I've got a snake in my bed.
It would be nice if it were a lover waiting for me there when I come home from work, but alas, there really is a snake in my bed.
Some days, within the quietness of small town living, life feels like a whirlwind. While my co-workers are busy with all the stuffy language of USAID project proposals and fighting for a piece of the multimillion-dollar pie, I am busily trying to finish writing up the human rights abuses that have been documented in Burma over the year for the chapter on women. All of us are busy interviewing applicants for the teaching position at the school next year as well as conducting entrance exams for new students. Added to this, starting on Monday, every time I leave my house, I am going to have to face getting covered in water. Thai New Year celebrations are beginning soon. In most cities in Thailand, the water fights are relegated to one or two streets, or the area near the river or water. In Mae Sot, we celebrate Burmese style, with the whole town becoming a free for all for a full week. If you leave your house, you should prepare to get soaked. Also, it is necessary to wear the brightest, ugliest, tackiest shirt you can possibly find. To help you out on this front, a whole wealth of stalls have popped up around town flouting their Hawaiian-style wares. I personally acquired a lovely red/orange/yellow/green flowered chemise that is all the rage in Water Festival fashions this year.
Although we have spotted a few cars with the tell tale splashes on their usually dusty exteriors, for the most part, we have a few dry days left.
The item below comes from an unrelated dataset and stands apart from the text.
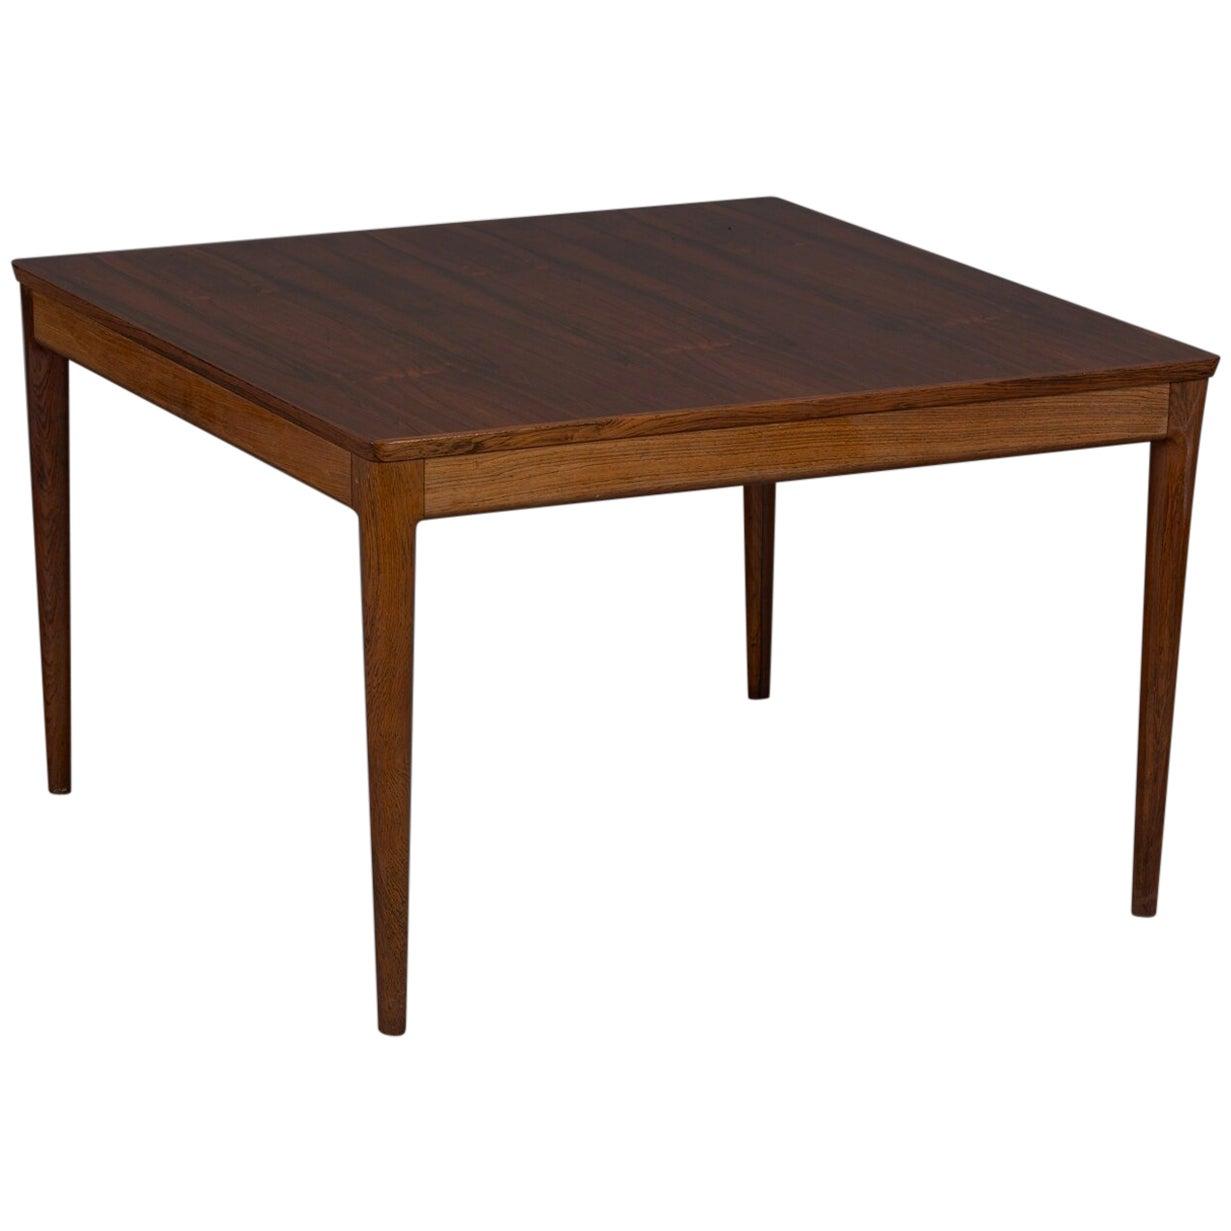 Square Danish Modern Mid-Century Rosewood Coffee Table

So this morning, bright and all too early, we headed out to one of the nearby refugee camps to do another intake exam. I woke up to the sound of my new "Hello Kitty" pink alarm clock telling me in a chirpy voice "Wake up! Wake up! Goooooood Morning!" I woke up, but I did not have a good morning. Perhaps it was the confusion of the million things that need to be done before I can take my beach vacation, perhaps it was evil vibes from the pink Kitty - I managed to leave my insulin vials in the fridge. I bought the cold packs with me, of course, but had nothing that needed to be kept cold. And, in the brilliant vein with which I started my day, I realized my error when I finished my breakfast and had just arrived an hour down the road in Mae La, the biggest camp on the border.
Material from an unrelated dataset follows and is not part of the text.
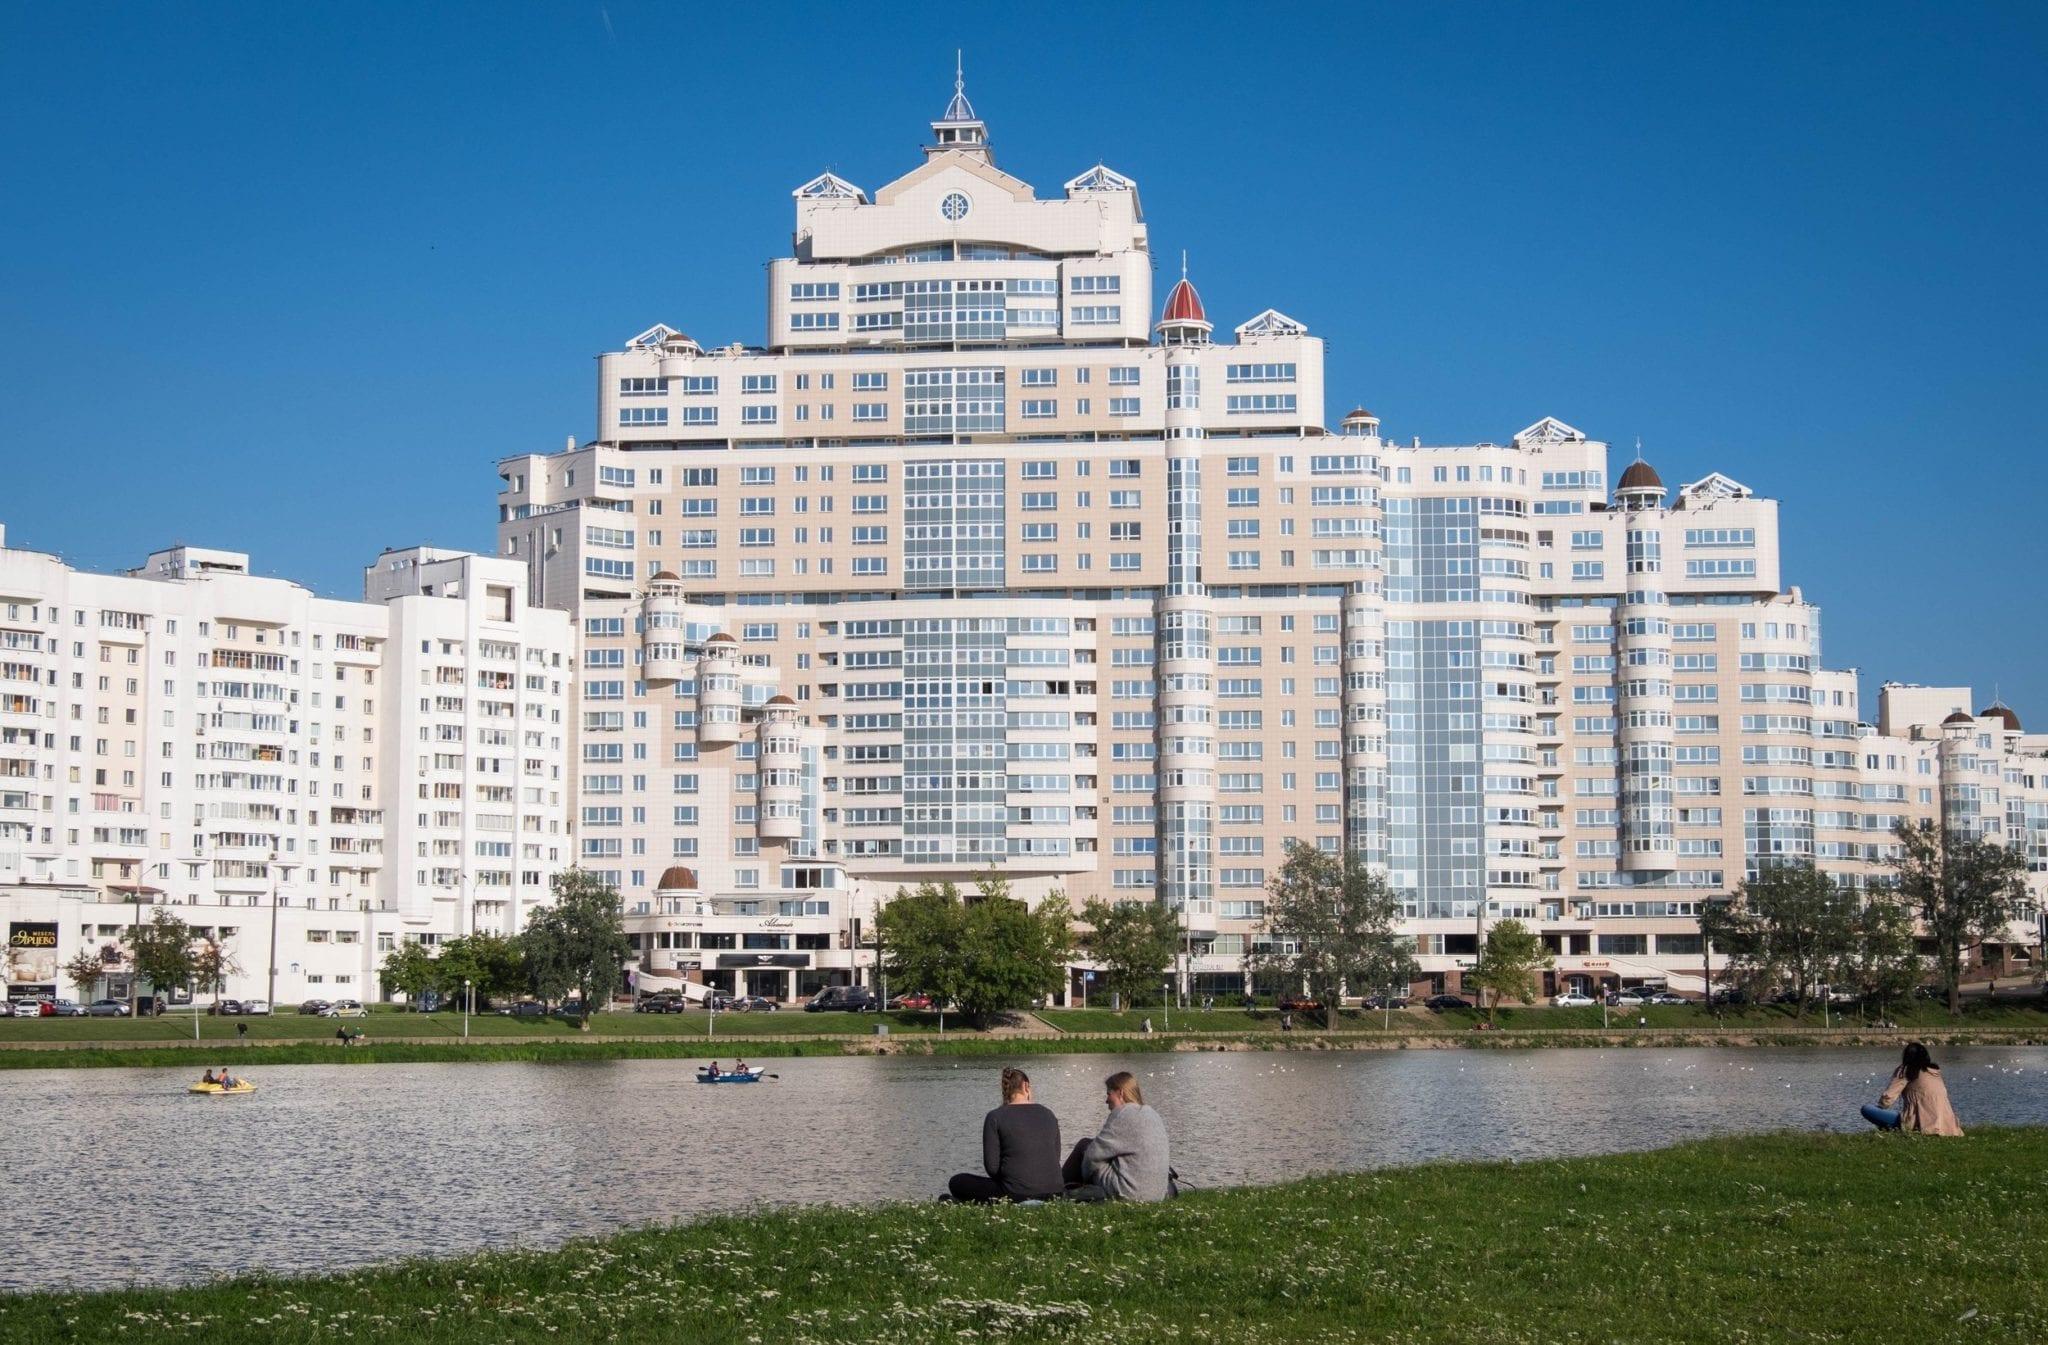 Chisinau And Minsk Two Offbeat Soviet Cities

The intake exams weren't great. More than half the people who showed up didn’t meet the basic requirements of becoming a student at our school. But there were one or two bright stars in the bunch, and that's who we are looking for.
I spent the whole ride back trying to keep my eyes open and looking forward to my needle and fix. The truck pulled up at my house so I could grab my drugs and we spotted a big sign on my door:
JEN: DO NOT GO INSIDE YOUR HOUSE. A LARGE SNAKE WENT IN! I got keys from our landlady and a posse of Thais went in to get the snake but no one really dared to go into your upstairs rooms to find it. It went in under your front door. We searched all downstairs but suspect it went up.
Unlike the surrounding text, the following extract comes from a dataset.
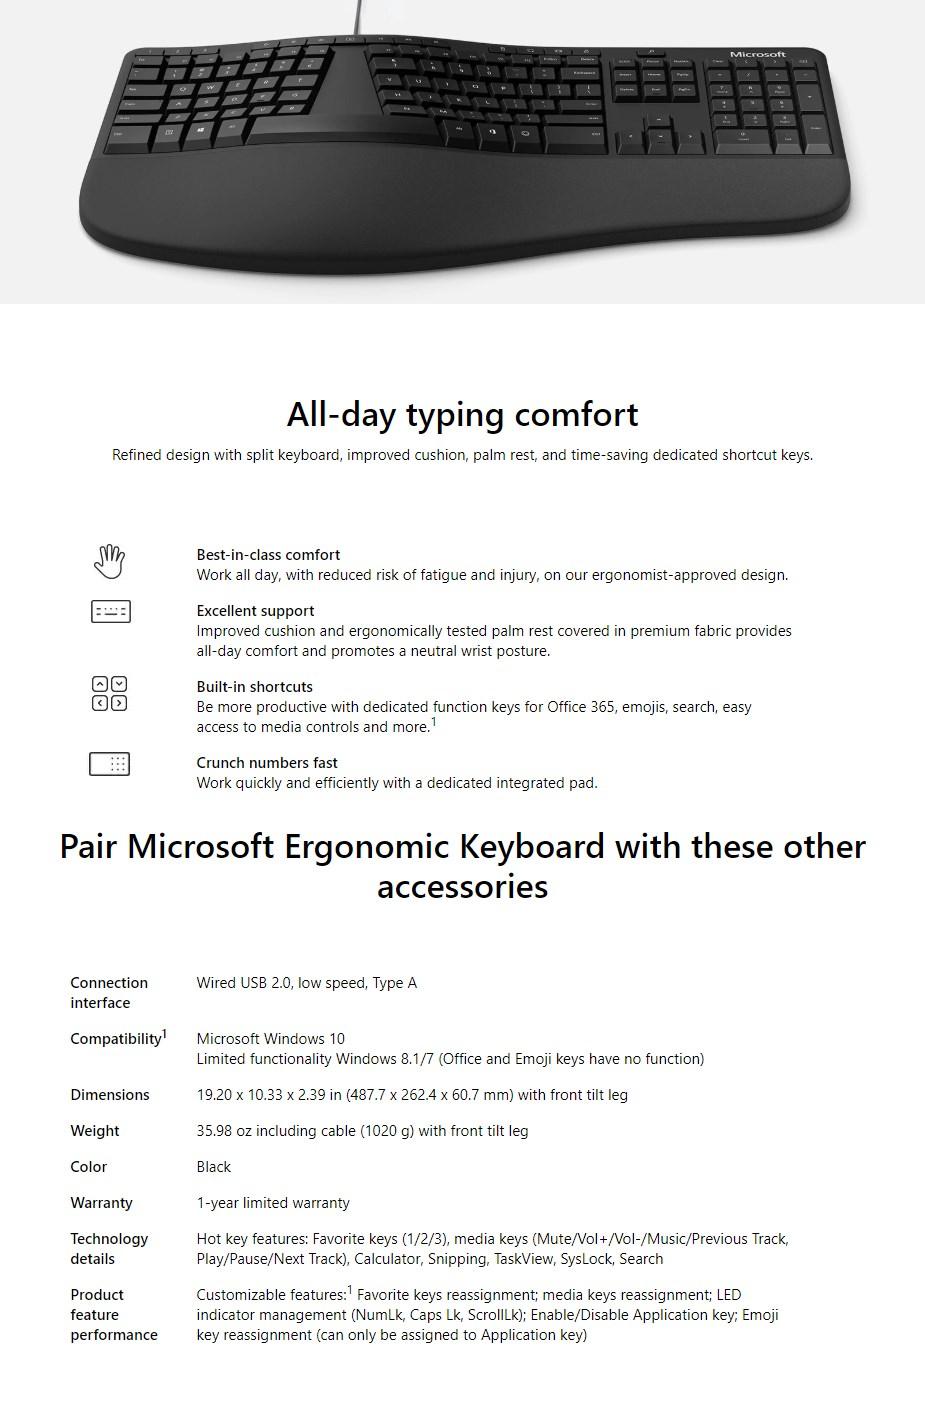 Microsoft Ergonomic Keyboard - Black - Overview 1

My neighbor's door is locked, and clearly he has evacuated his building and left me this warning. I started swearing. I had been almost five hours without my insulin and needed some, stat. Brooke looked nervous and suggested a pharmacy in town. The driver, once the situation was explained, didn't see a problem going in with me, so in we went. He made me go first, and followed behind with a large stick. I think I lack the basic understanding of the danger presented by the snake. If someone had said that there was a black bear in my house, that would be a different story, something I could relate to. On the other hand, it isn't likely that a black bear would be any good at hiding in anyone's house. In we went.
I opened the big roller door that enters into my garage and stepped back quickly. Brooke waited in the car. Patrick watched us from a safe distance. Which makes one wonder: what is a safe distance anyways? Snakes are speedy suckers, I figure. Not like I have ever been face to face with a "large" one. Now I've got one for a bedmate.
The furniture, (what little I have) was in the middle of the room and things were a bit everywhere. It looked just as you would imagine a room might if a "posse of Thais" had come through it looking for a snake. My Thai wandered around behind me with his big stick. I crept inside, trying to look all around me all at once. Nothing moved or lurked or curled up anywhere so I grabbed my insulin and got out.
But now I wonder, when is it safe for me to go back?